The price I stated for the SR20DE included engine, tranny, stock ecu and wiring harness. I friend had one in his shop a while back and was offering it to me for approx. 1250US - installed.

As per the brakes, the current stock front disc/rear drum setup is pretty sucky..that's why i want to upgrade..for better braking performance..plus if i get that out of the way...here comes the SR20 swap...

besides...this is probably the extent of the mods i'll do on the car...i'm not into racing, but do want a better performing car rather than stock. I'll also prefer to keep the car automatic (not my preference but the wifey can't drive a stick).


----------



## Naemus (Oct 28, 2002)

Hey Randal..unfortunately I can't help with your current prob but if you don't mind could you give me a rough estimate on how much it costs (US) to get the necessary parts for a power window conversion. I'm talking second-hand obviously from one of those salvage yards or parts yards.

I'm talking about the switches /w harness, motors and regulators. Panels aren't an issue but I guess it can't hurt to get an estimate there either.

Safe man.


----------



## Randall (Jan 30, 2003)

Naemus, I can check it out for you since this weekend I probably will be looking through some of the scrapyards here to see if I can get some seats from the B13 GTS.

It might be cheaper to get the complete doors and take what you want from them and junk the remainder. A door might run about US$50 each. If you get the complete doors from the yard, most likely you can negotiate with them throw in the harness etc.

Complete doors are easy to find for B13 & B14 Sentras as almost anyone who dealt with the importation of knocked down foreign used vehicles will have loads of them lying around.

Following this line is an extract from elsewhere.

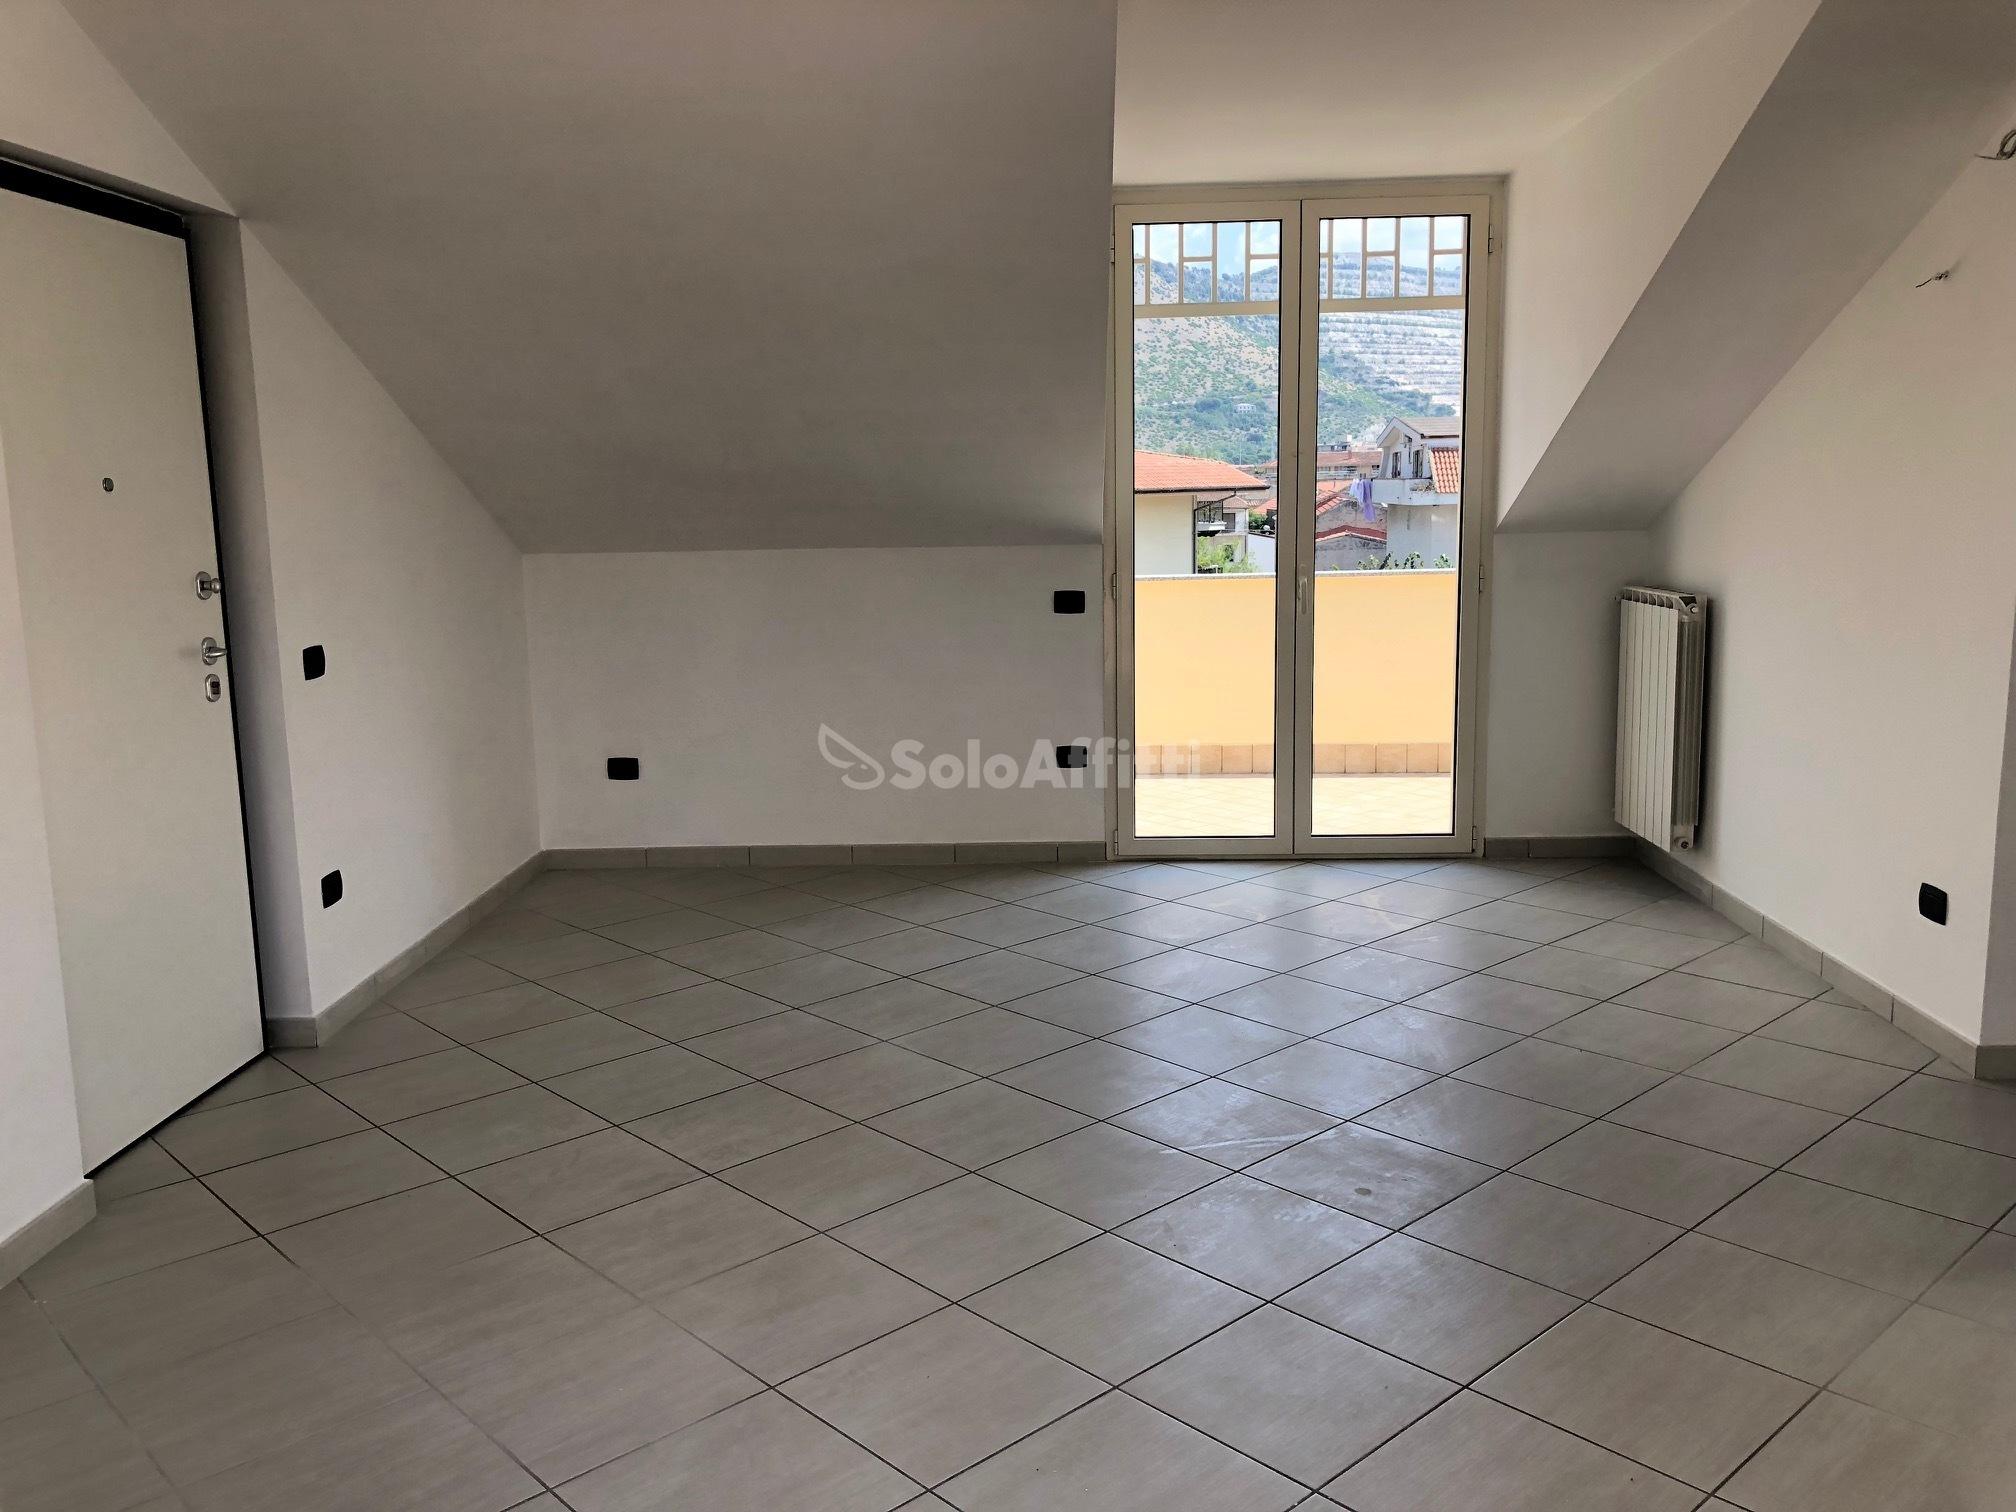 Appartamento Mansarda 70 mq.

The price I stated above is the likely price per complete door.

If you know anyone coming to Trini (esp around Carnival time), you can get them to check it out for you. Tell them to ckeck in "The Bamboo" since there is a large concentration of f/u dealers there.


----------



## Naemus (Oct 28, 2002)

Thanks for the feedback man. Timing is everything...few months ago I knew a guy who was going to TT and was getting parts for my cousin's b13... at the time I was strapped for cash (still am now but not as bad).

But I didn't think the complete doors were as cheap as US $50!!

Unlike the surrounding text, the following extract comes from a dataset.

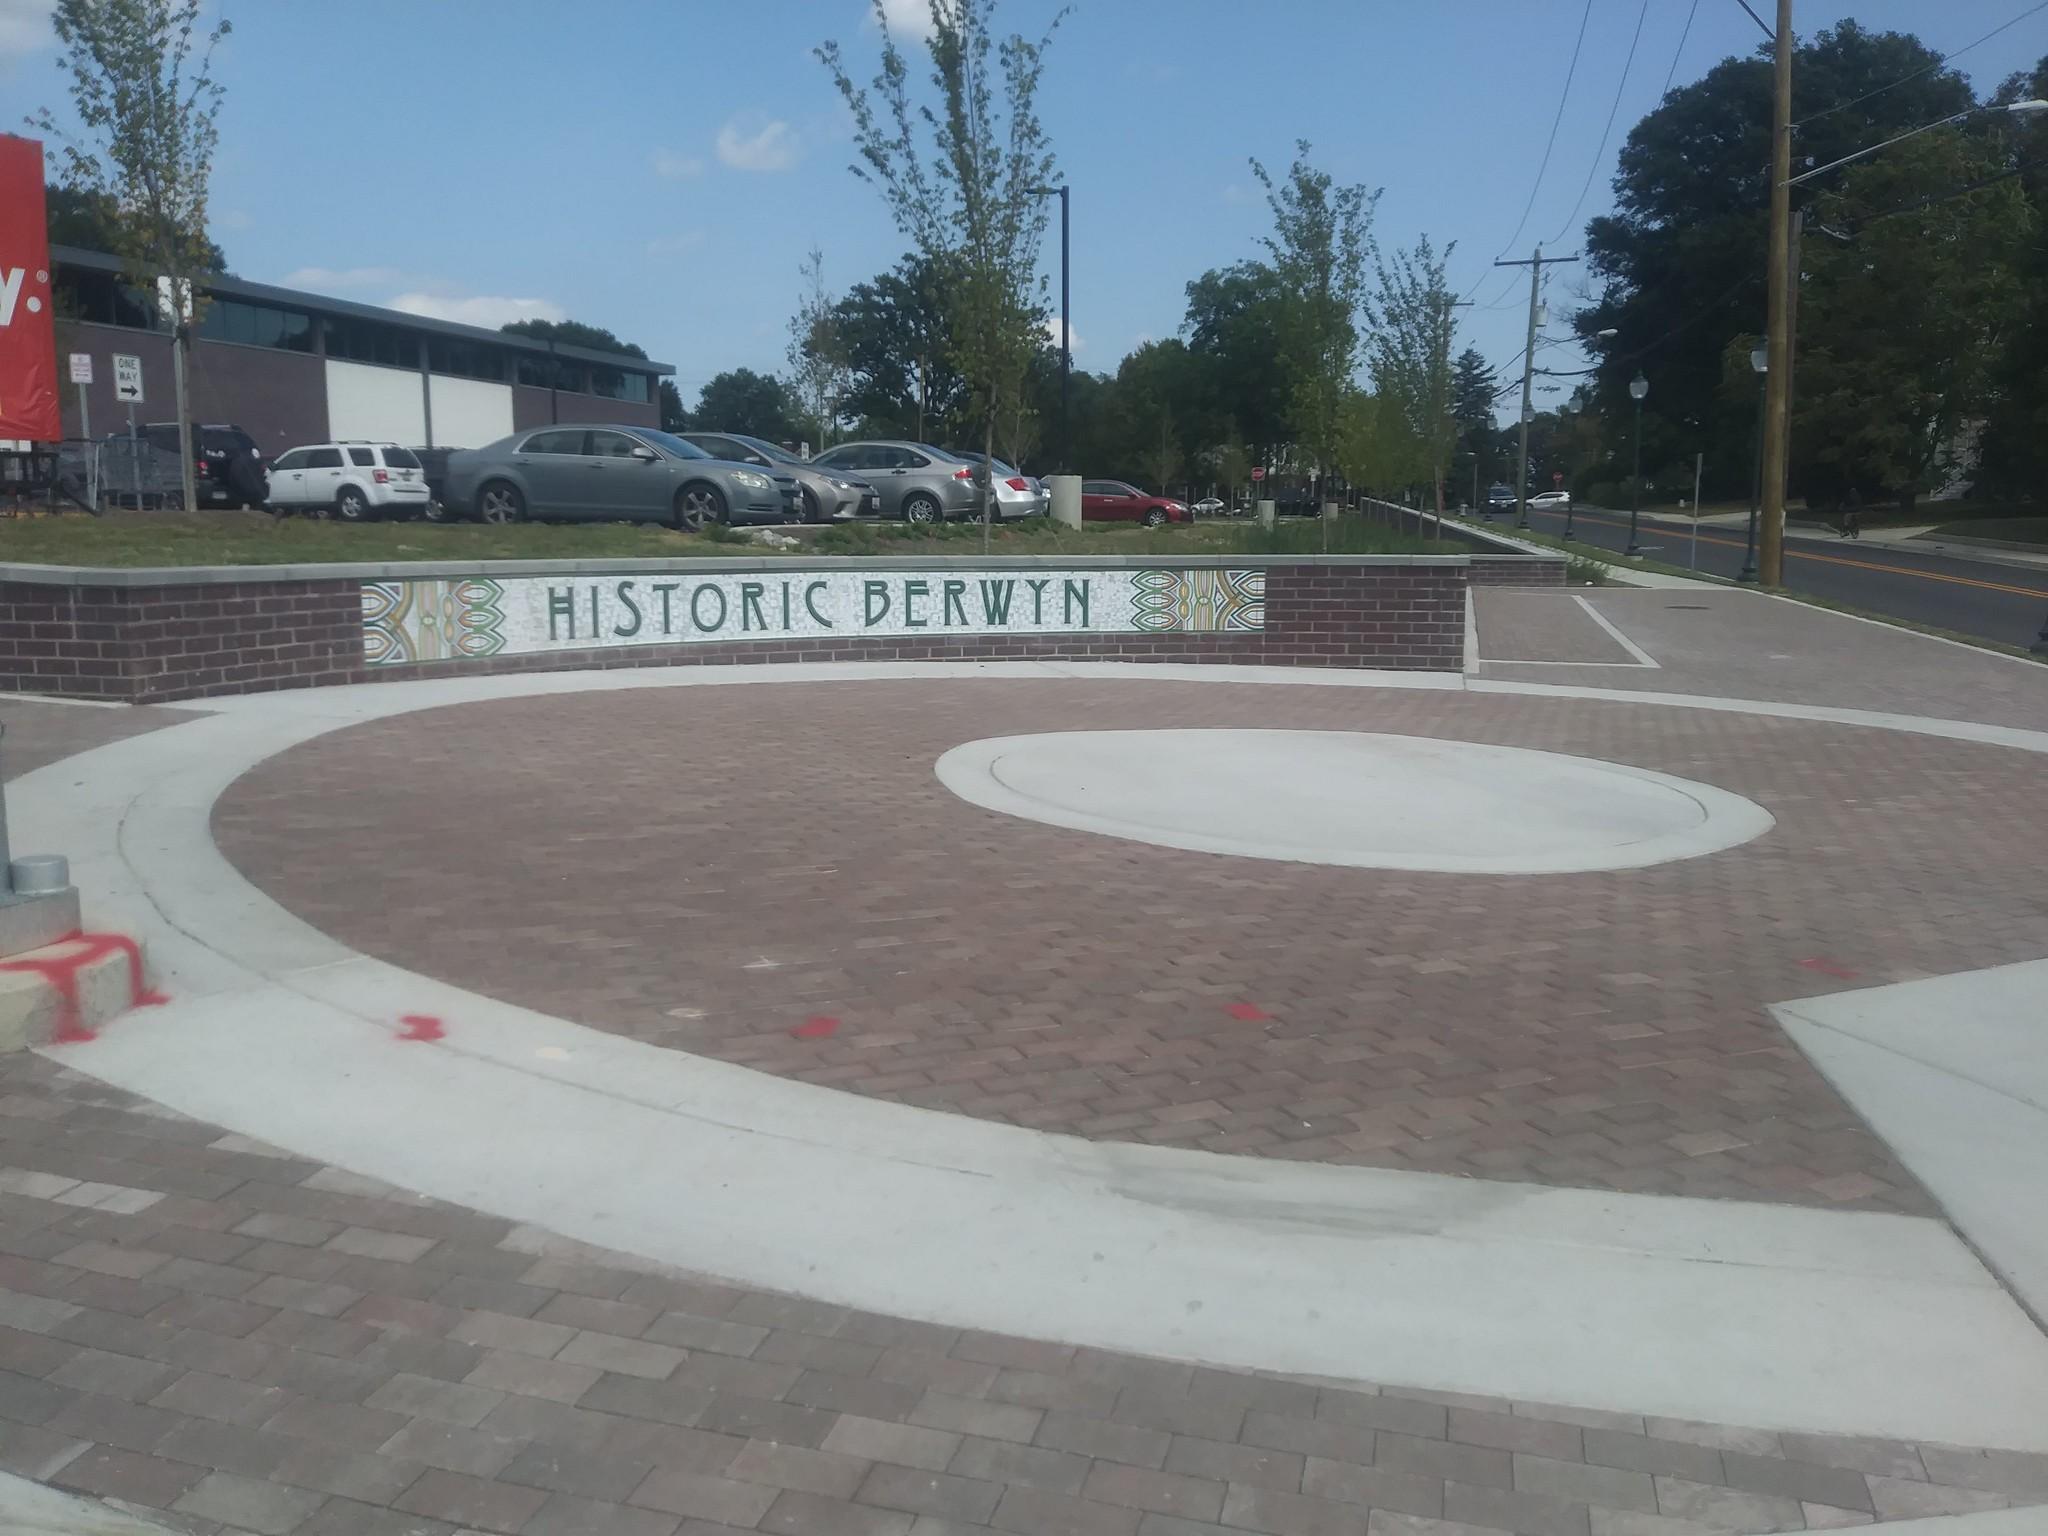 Special sidewalk intersection treatment in Berwyn, Maryland on Route 1

importing 4 doors (sea freight) might still end up more expensive than getting someone to go to the yard and strip the parts or something. I will definitely talk to some men next week on de case. Thanks bruddah


----------



## himilefrontier (Jan 21, 2003)

Wait a minute...They made a 4wd B14 Sunny?Anyone have any information on this car-like a technical diagram of the AWD system,undercar photograph,etc?Maybe I can figure out how to fulfill my AWD fantasy with my "new" B14 instead of finding a B13! PLease,Please Pleeeeze give some info!!!!!


----------



## Randall (Jan 30, 2003)

Unfortunately, that's what I've been trying to find myself. The Haynes and Chiltons manuals that cover these models (US Version) do not have any reference to the 4wd models.

I have a cousin in the Marines posted in Japan and he looked around for me for a shop manual, but couldn't find any that were written in english. My original intent in putting up this post was that those forum members in the UK, Australia, New Zealalnd or South East Asia may have been able to help in locating an english language version of a shop/repair manual for the 4wd Sunnys.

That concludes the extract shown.